__Excerpted data__:
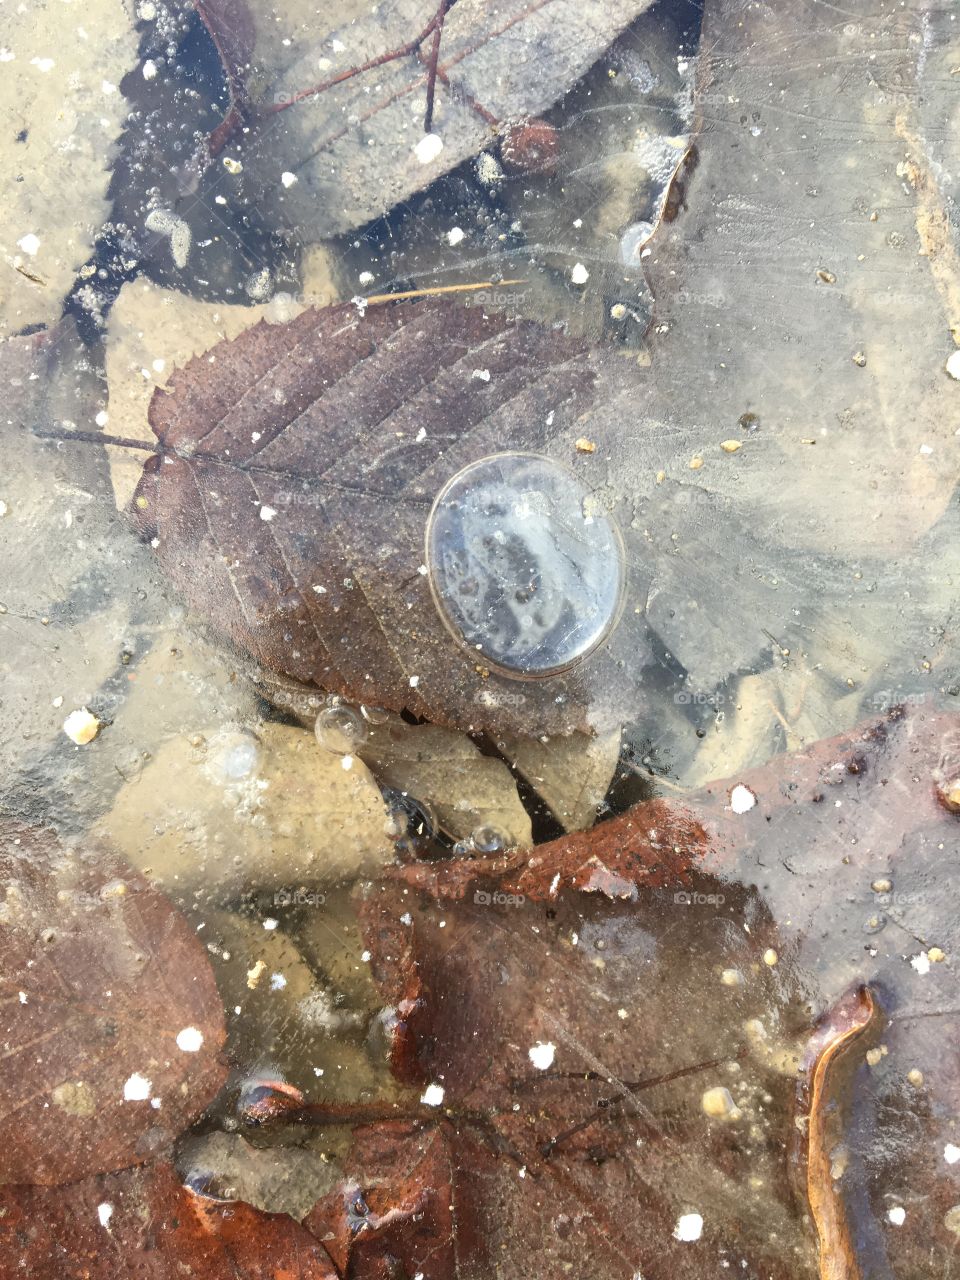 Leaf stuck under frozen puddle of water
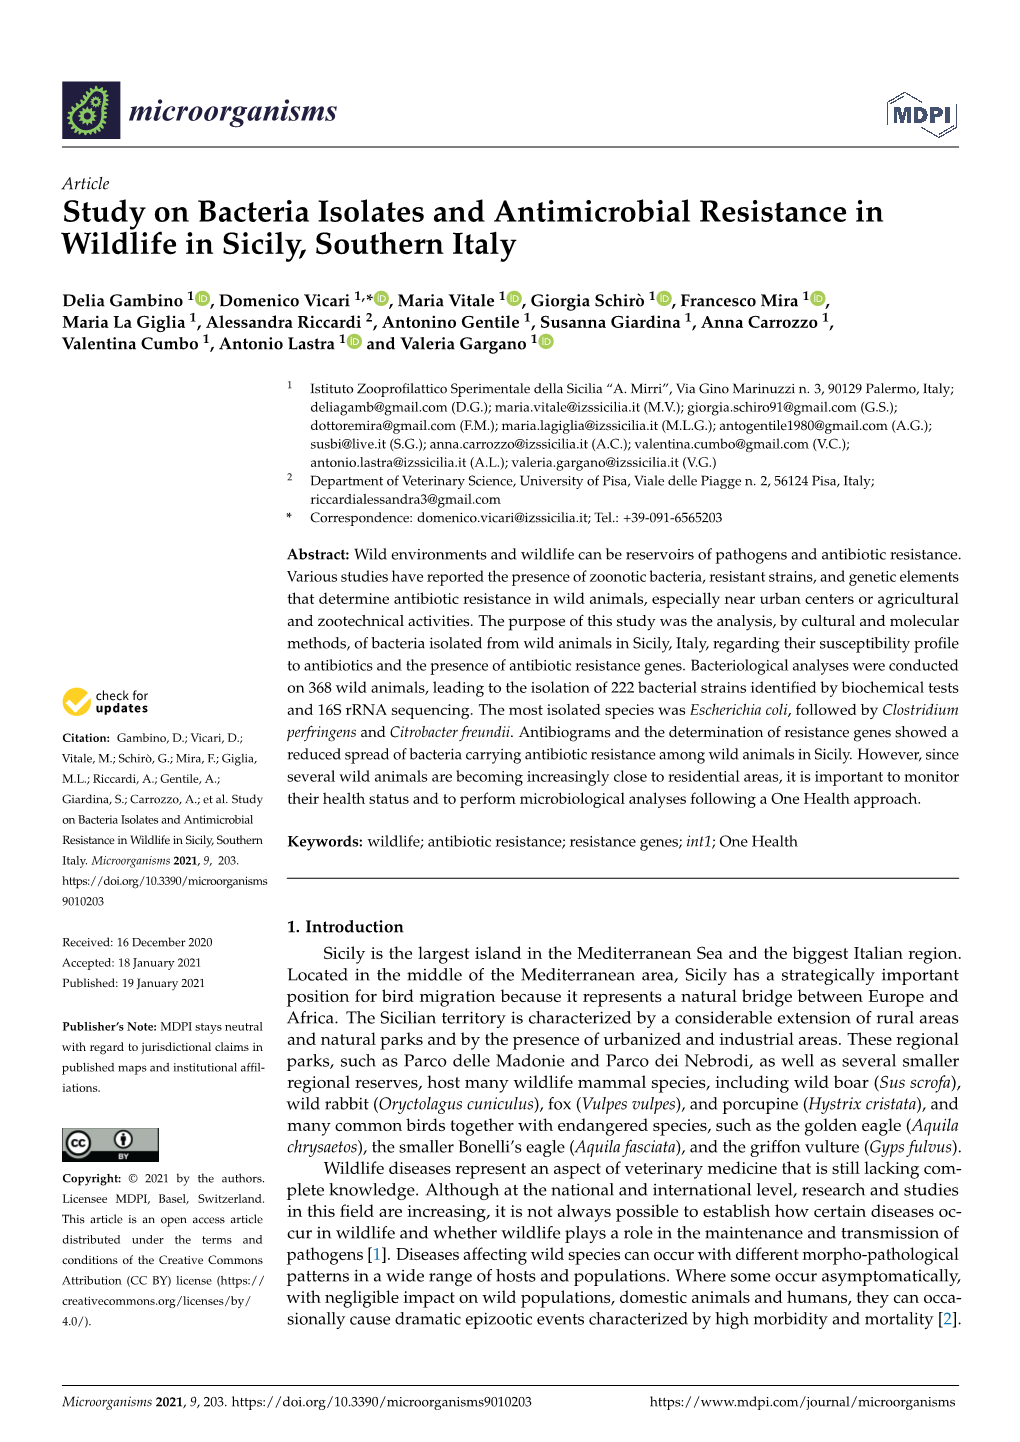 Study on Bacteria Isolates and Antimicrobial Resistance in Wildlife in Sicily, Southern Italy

...

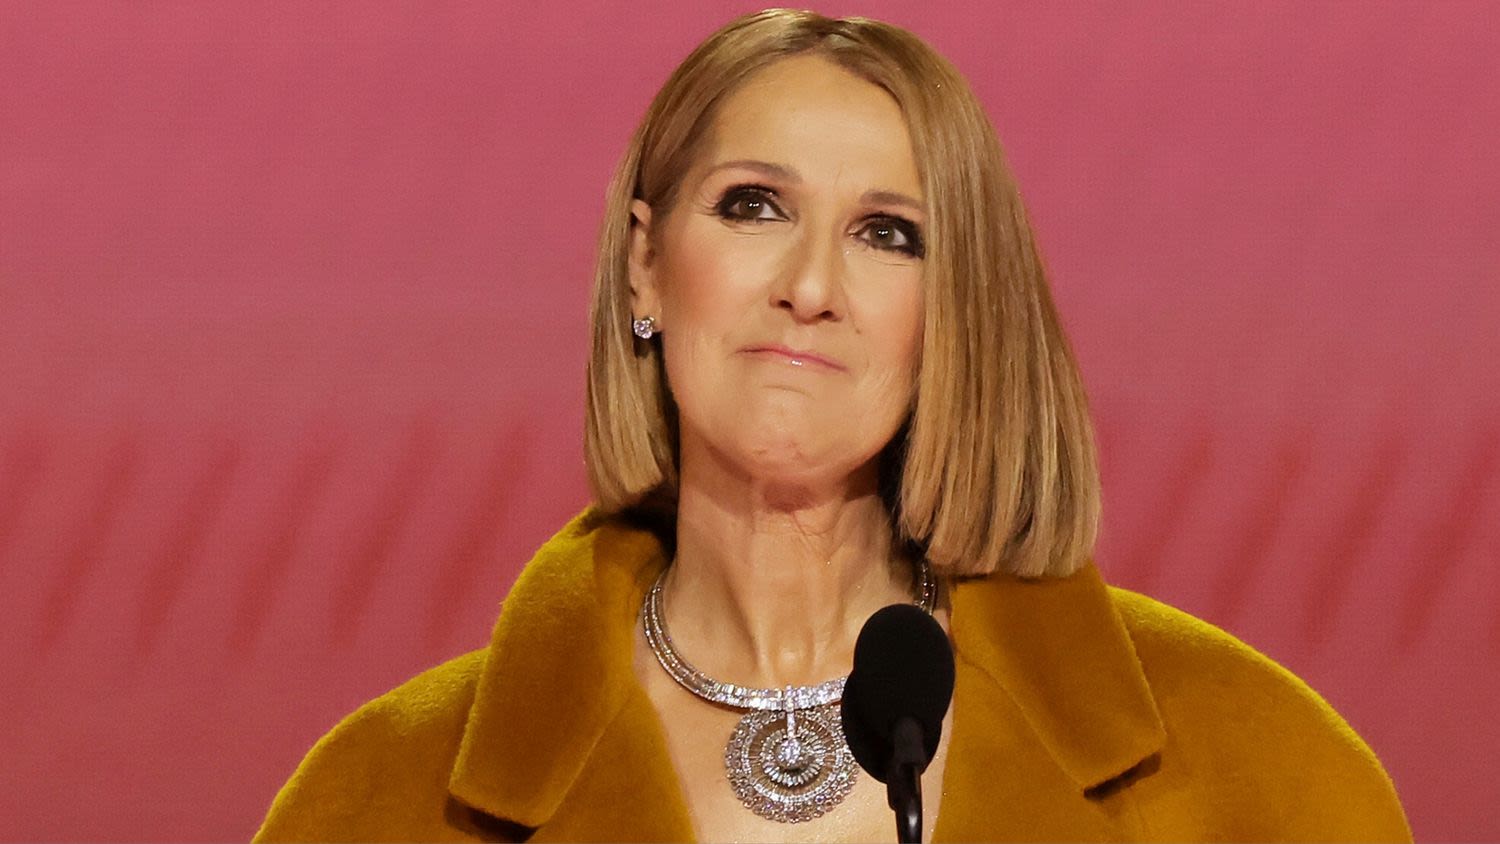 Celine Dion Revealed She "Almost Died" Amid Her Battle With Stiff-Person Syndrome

__Your task__: In the entries above, every line from the line with "Leaf stuck under frozen puddle of water" to the line with "Study on Bacteria" is to be printed exactly, with both ends included and pictures excluded.

__Result of the task__:
 Leaf stuck under frozen puddle of water
 Study on Bacteria Isolates and Antimicrobial Resistance in Wildlife in Sicily, Southern Italy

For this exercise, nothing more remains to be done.